* PROBLEM DETAILS
Restate word for word all of the lines below, with each image left out.

* RECORDED INFORMATION

↓↓↓

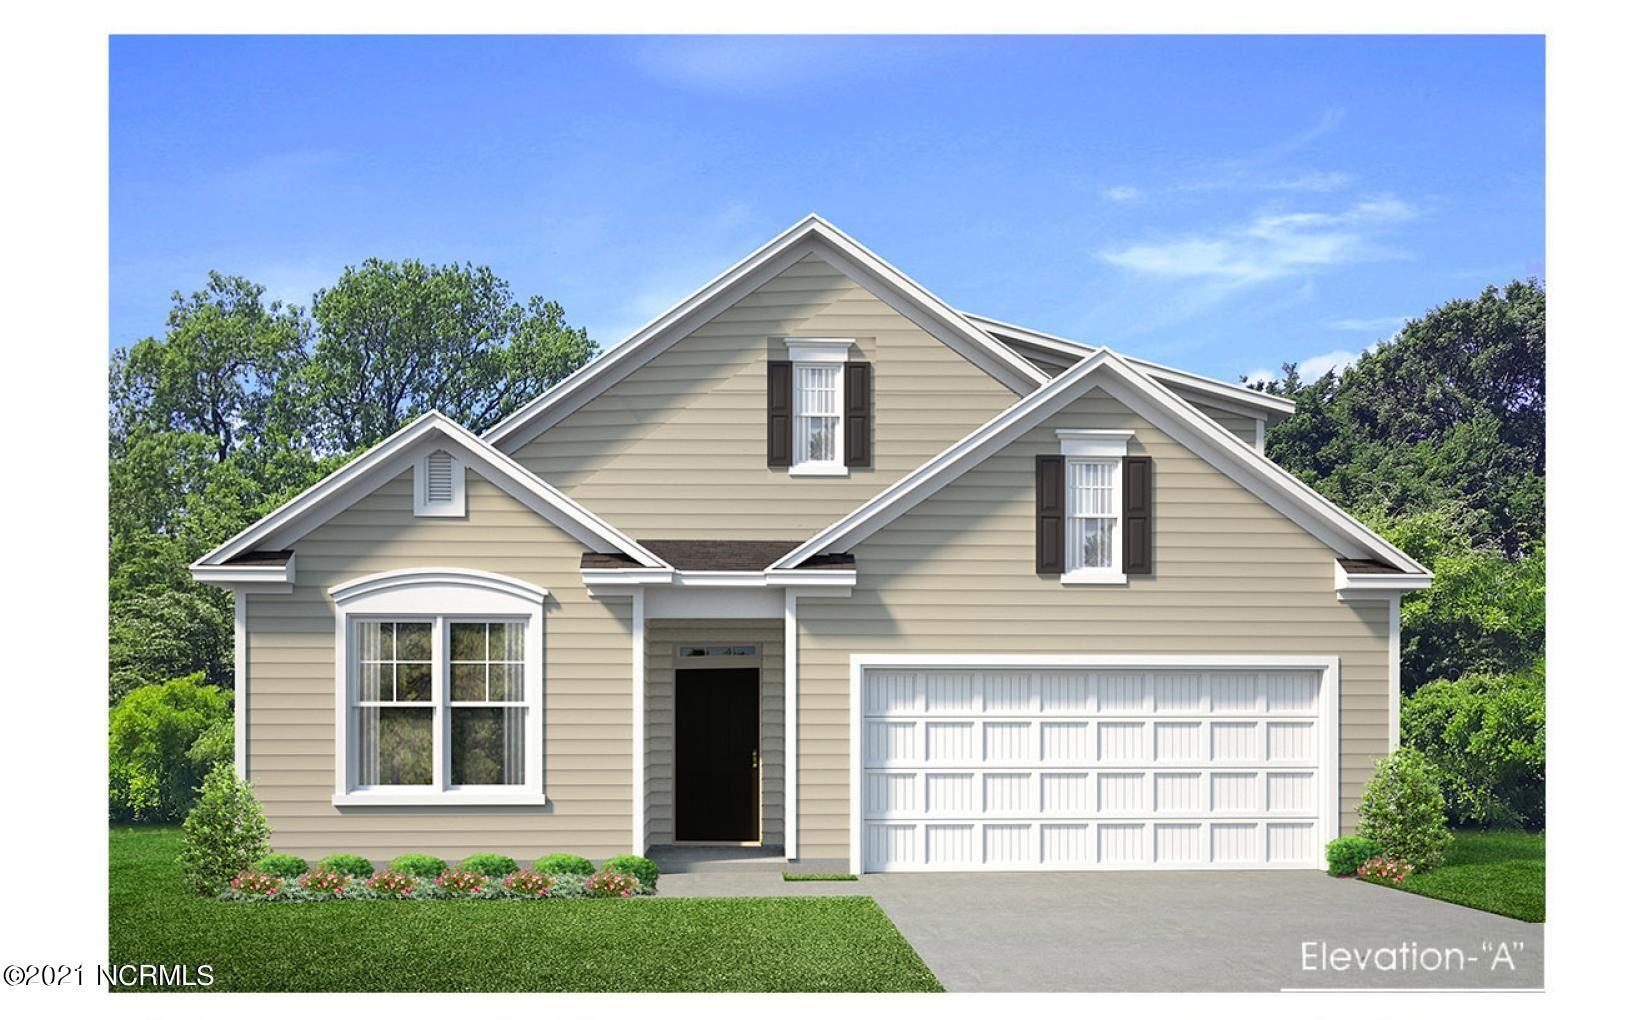 Photo for 205 Saint Earl Lane #Lot 18, Wilmington, NC 28411 (MLS # 100262329)
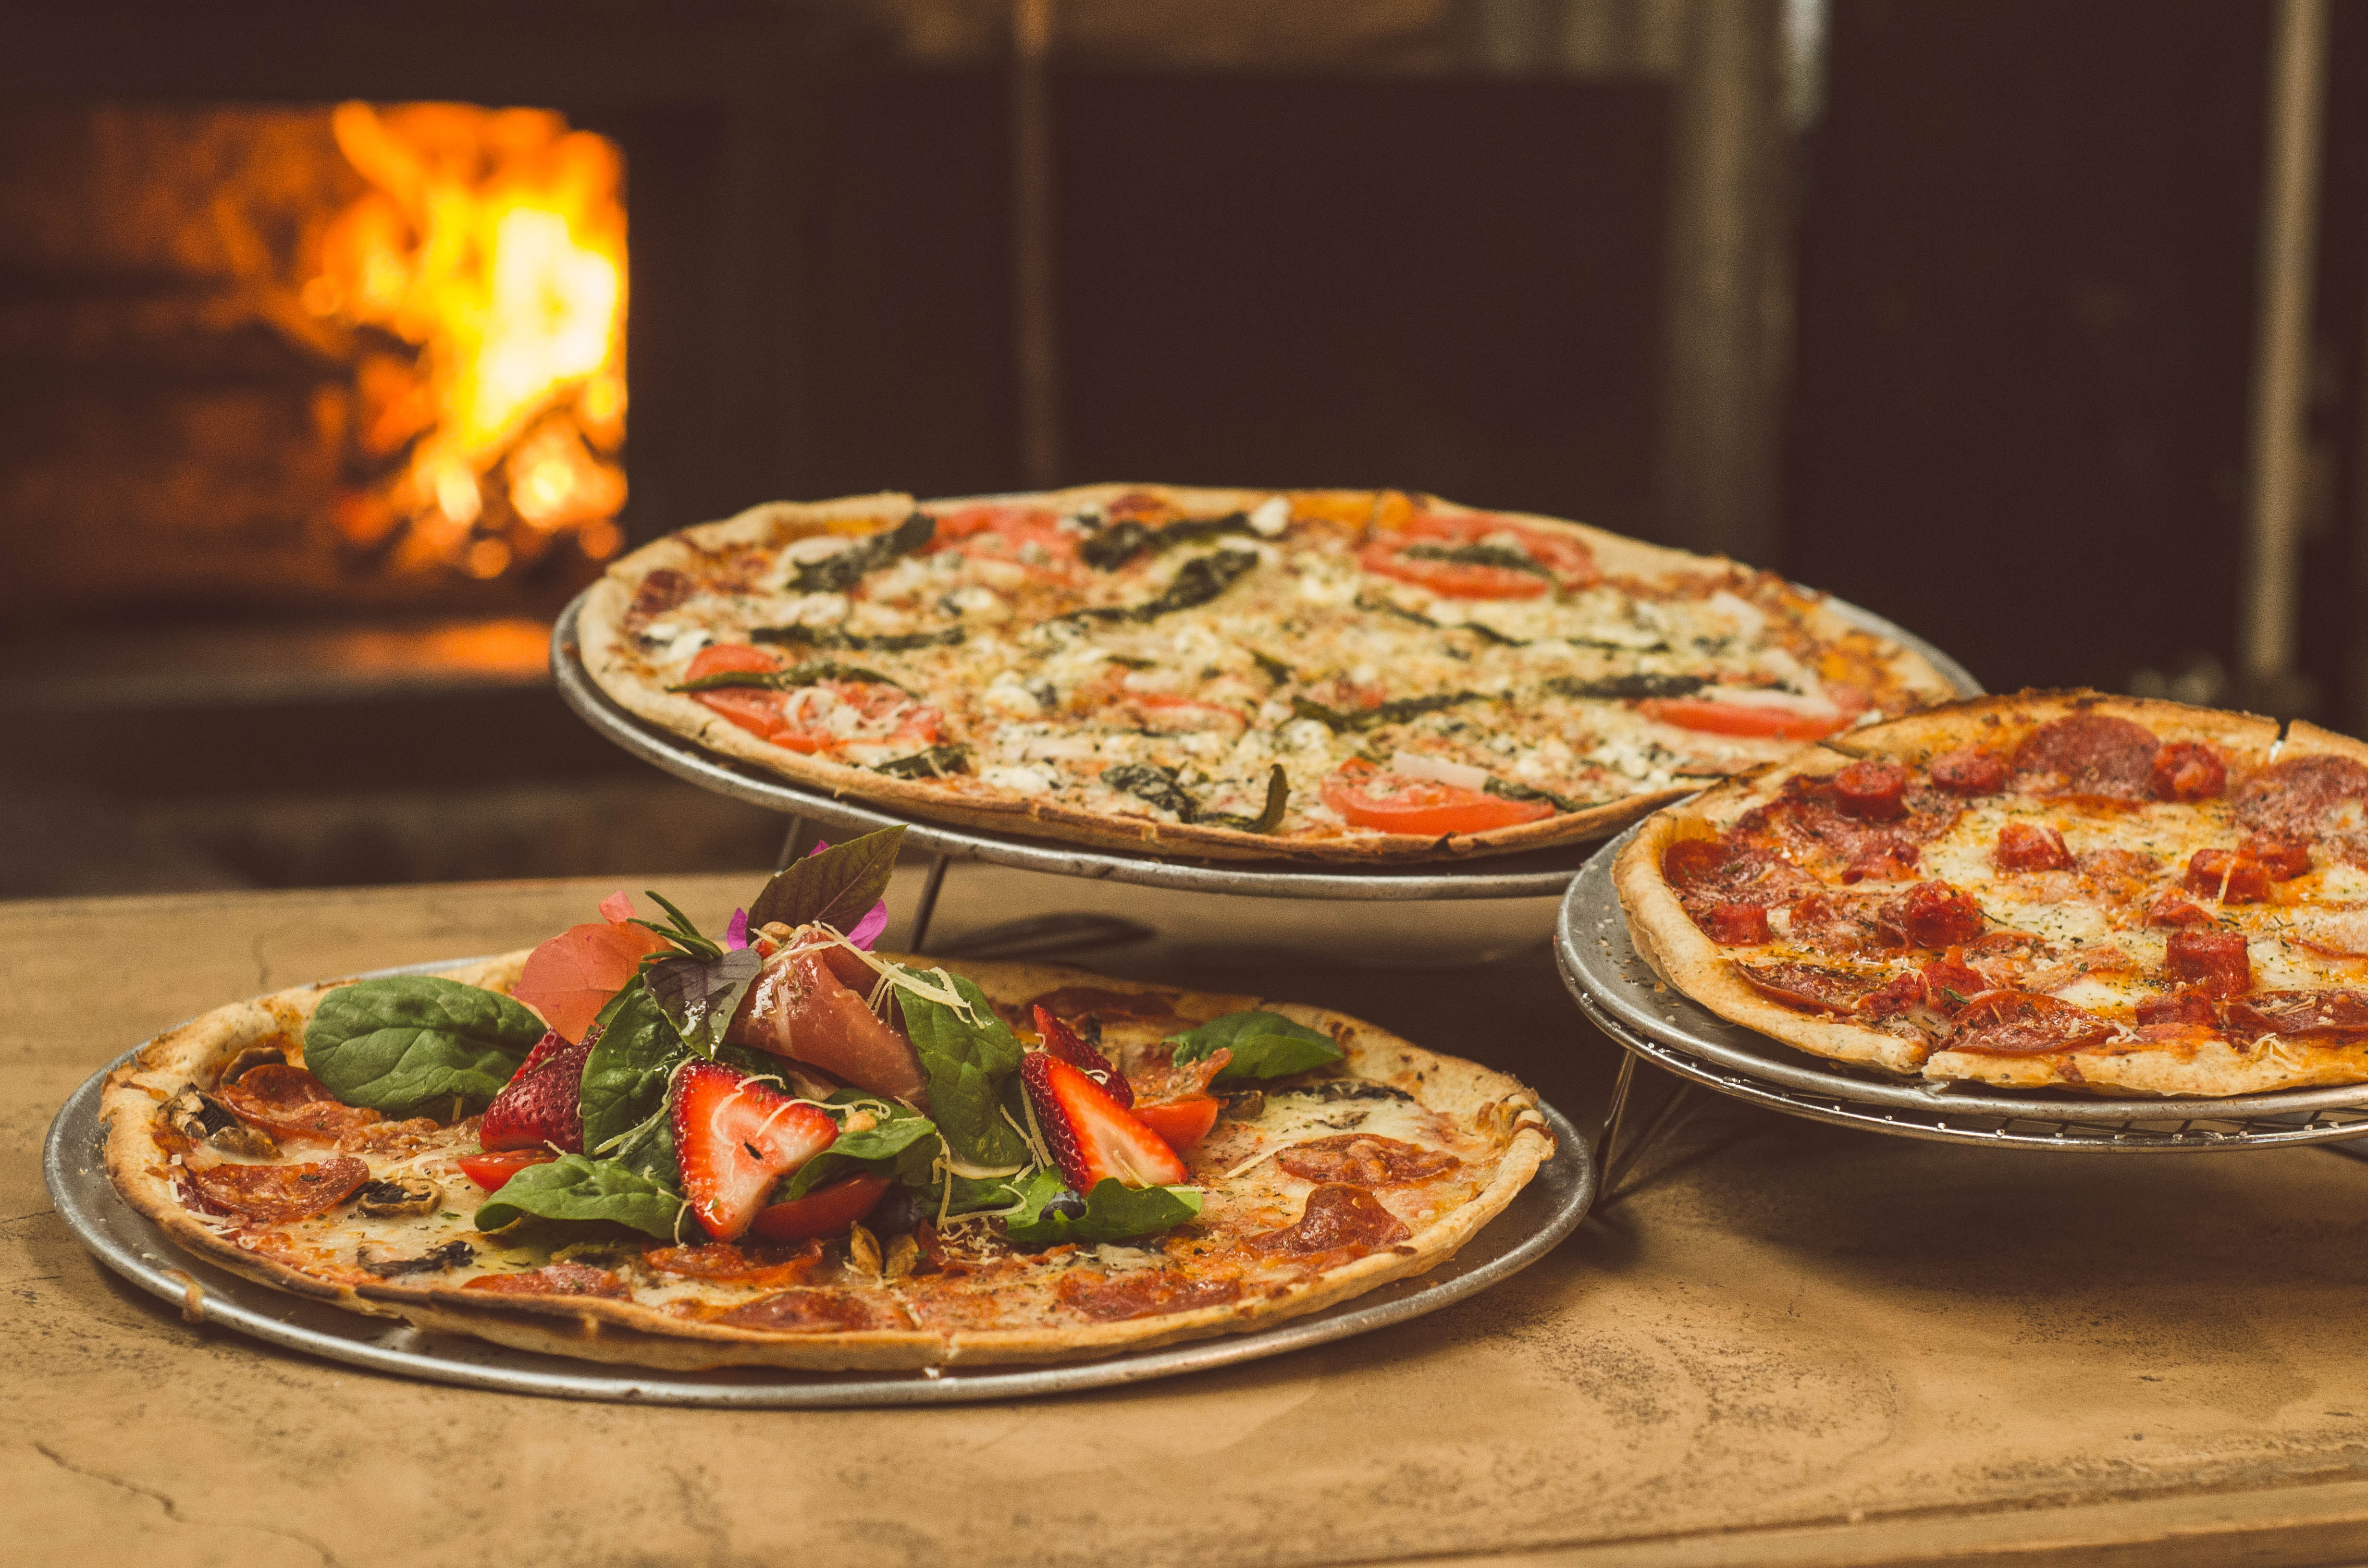 50 Great Pizza Photos Pexels Free Stock
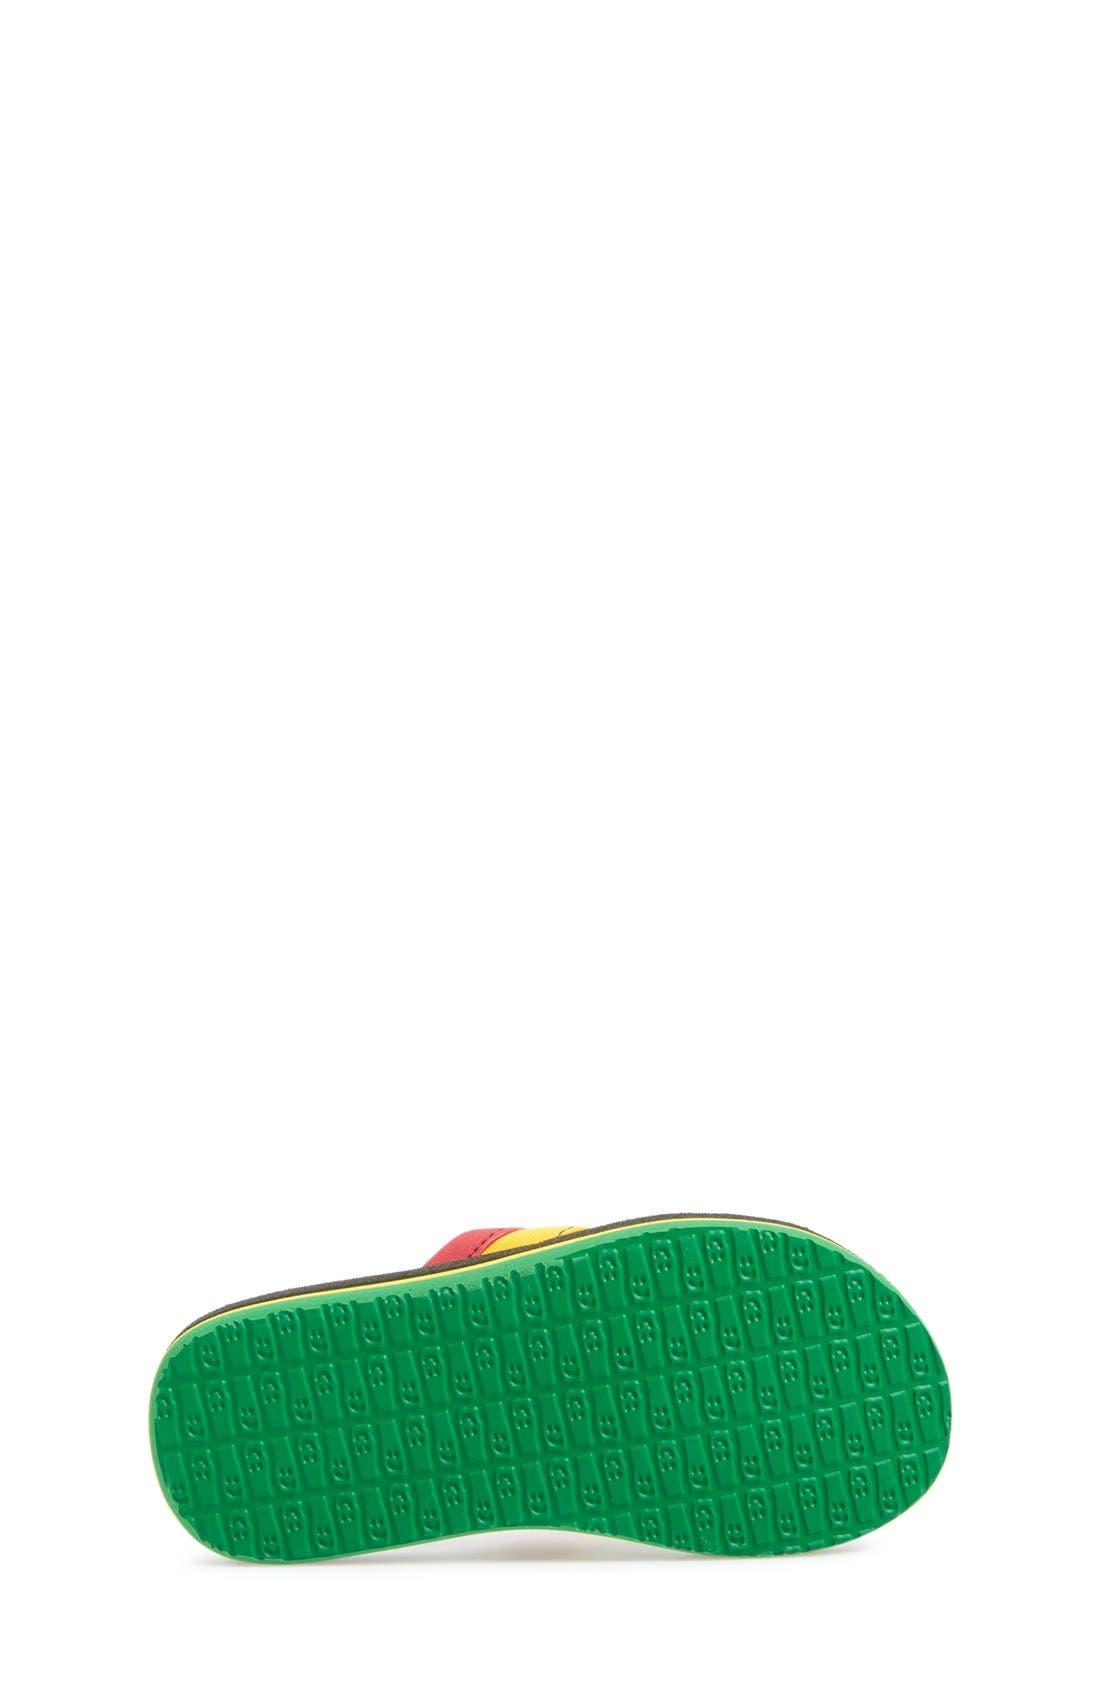 'Rootbeer Cozy' Lightweight Flip Flop Sandal,                             Alternate thumbnail 24, color,

↑↑↑

* WRITTEN ANSWER
 Photo for 205 Saint Earl Lane #Lot 18, Wilmington, NC 28411 (MLS # 100262329)
 50 Great Pizza Photos Pexels Free Stock
 'Rootbeer Cozy' Lightweight Flip Flop Sandal,                             Alternate thumbnail 24, color,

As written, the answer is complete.